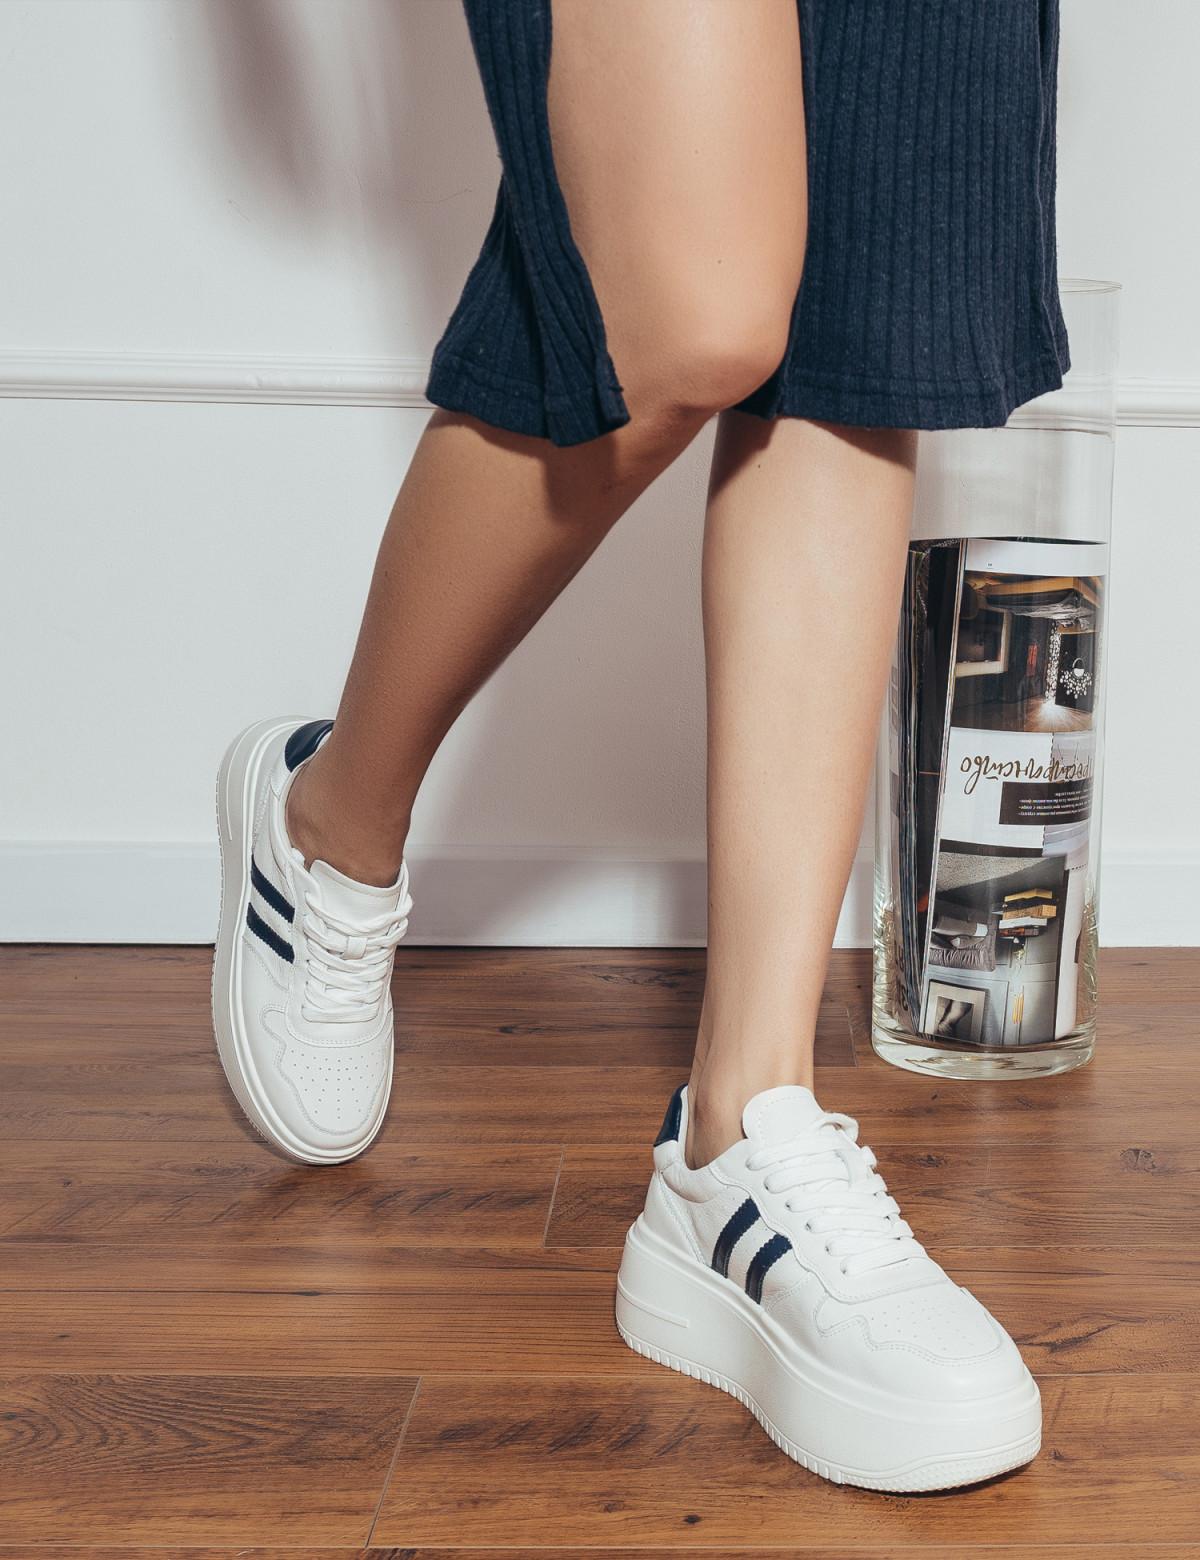 Кросівки білі/сині. Натуральна шкіра5
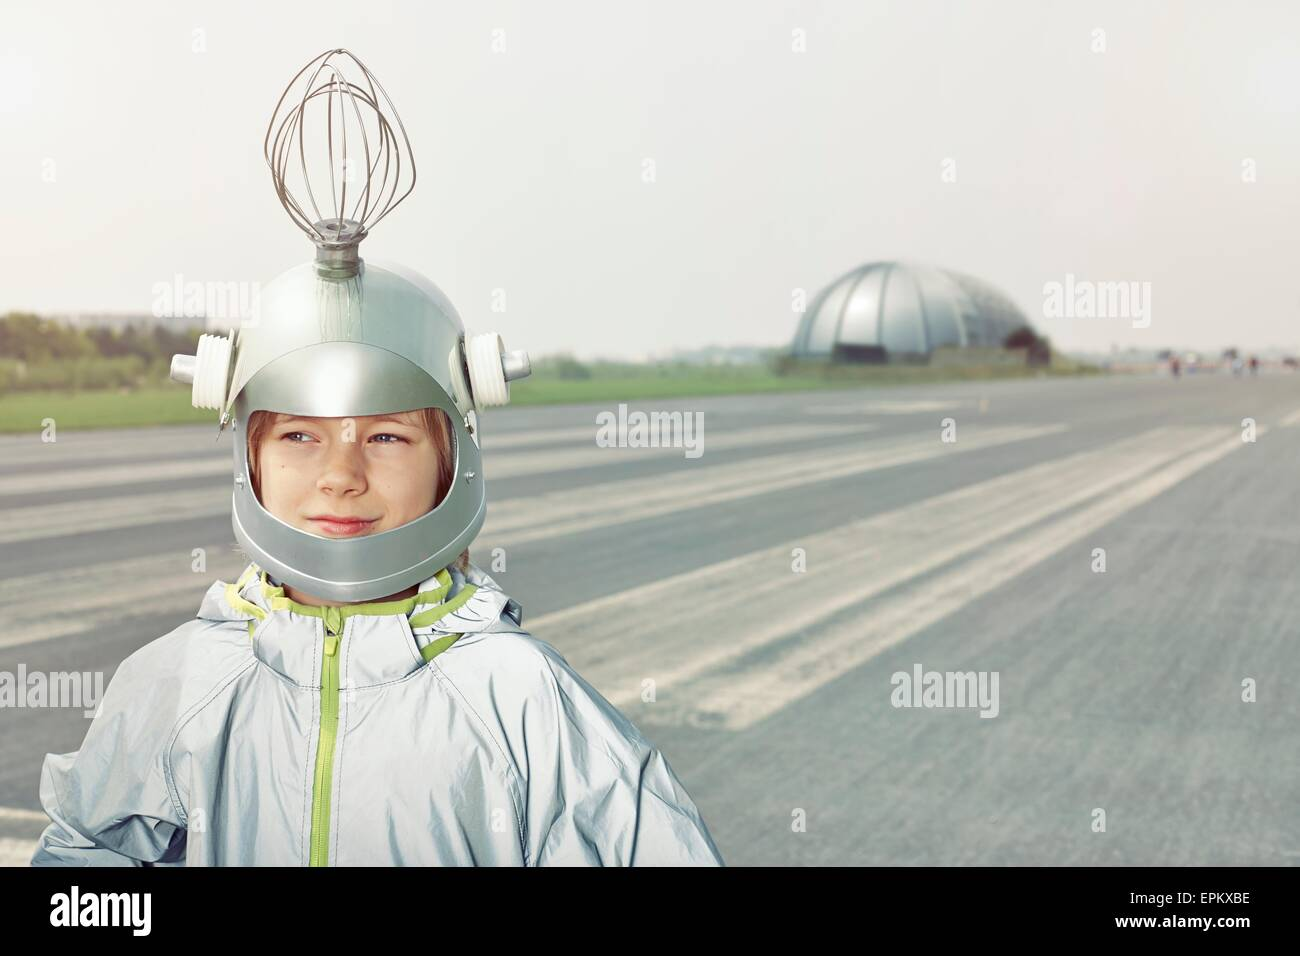 Junge verkleidet als Raumfahrer Stockbild
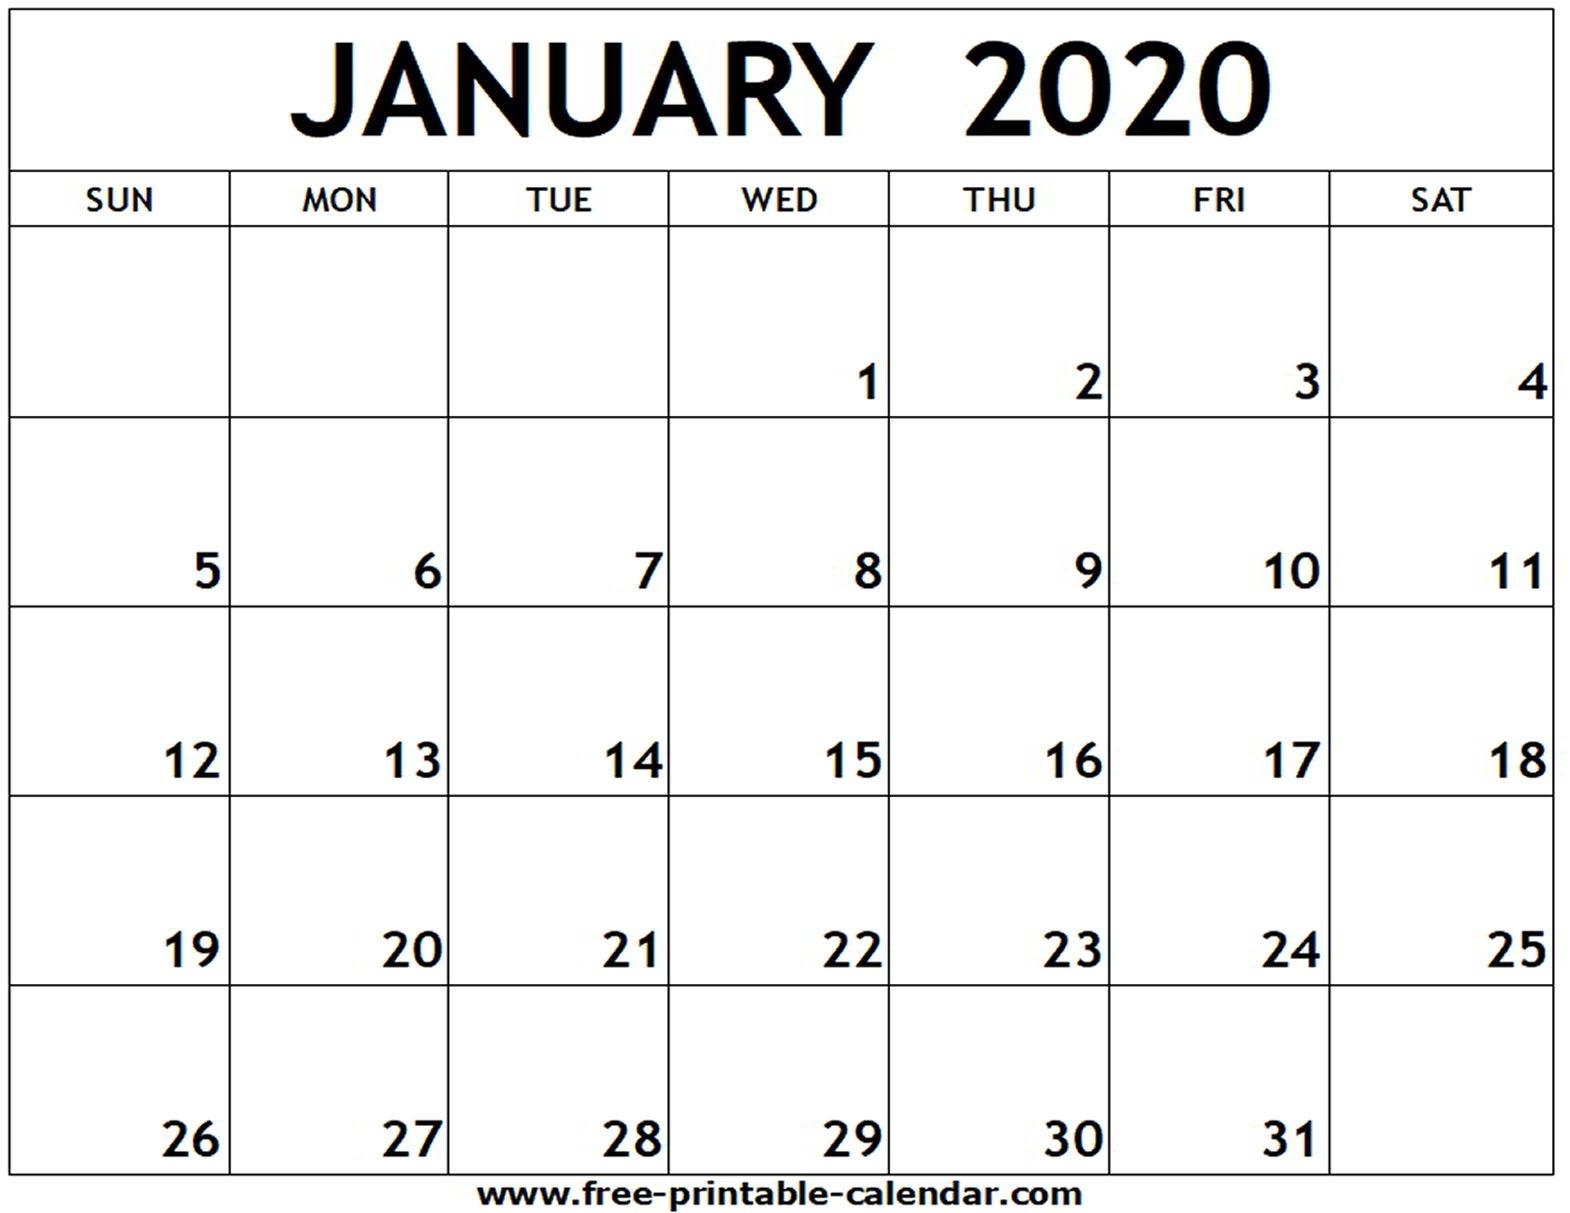 January 2020 Printable Calendar - Free-Printable-Calendar-Free January 2020 Calendar

__________

• **Your goal**
No pictures belong in the copy. Repeat the listing above exactly.

• **Solution for this exercise**
 Кросівки білі/сині. Натуральна шкіра5
 Junge verkleidet als Raumfahrer Stockbild
 January 2020 Printable Calendar - Free-Printable-Calendar-Free January 2020 Calendar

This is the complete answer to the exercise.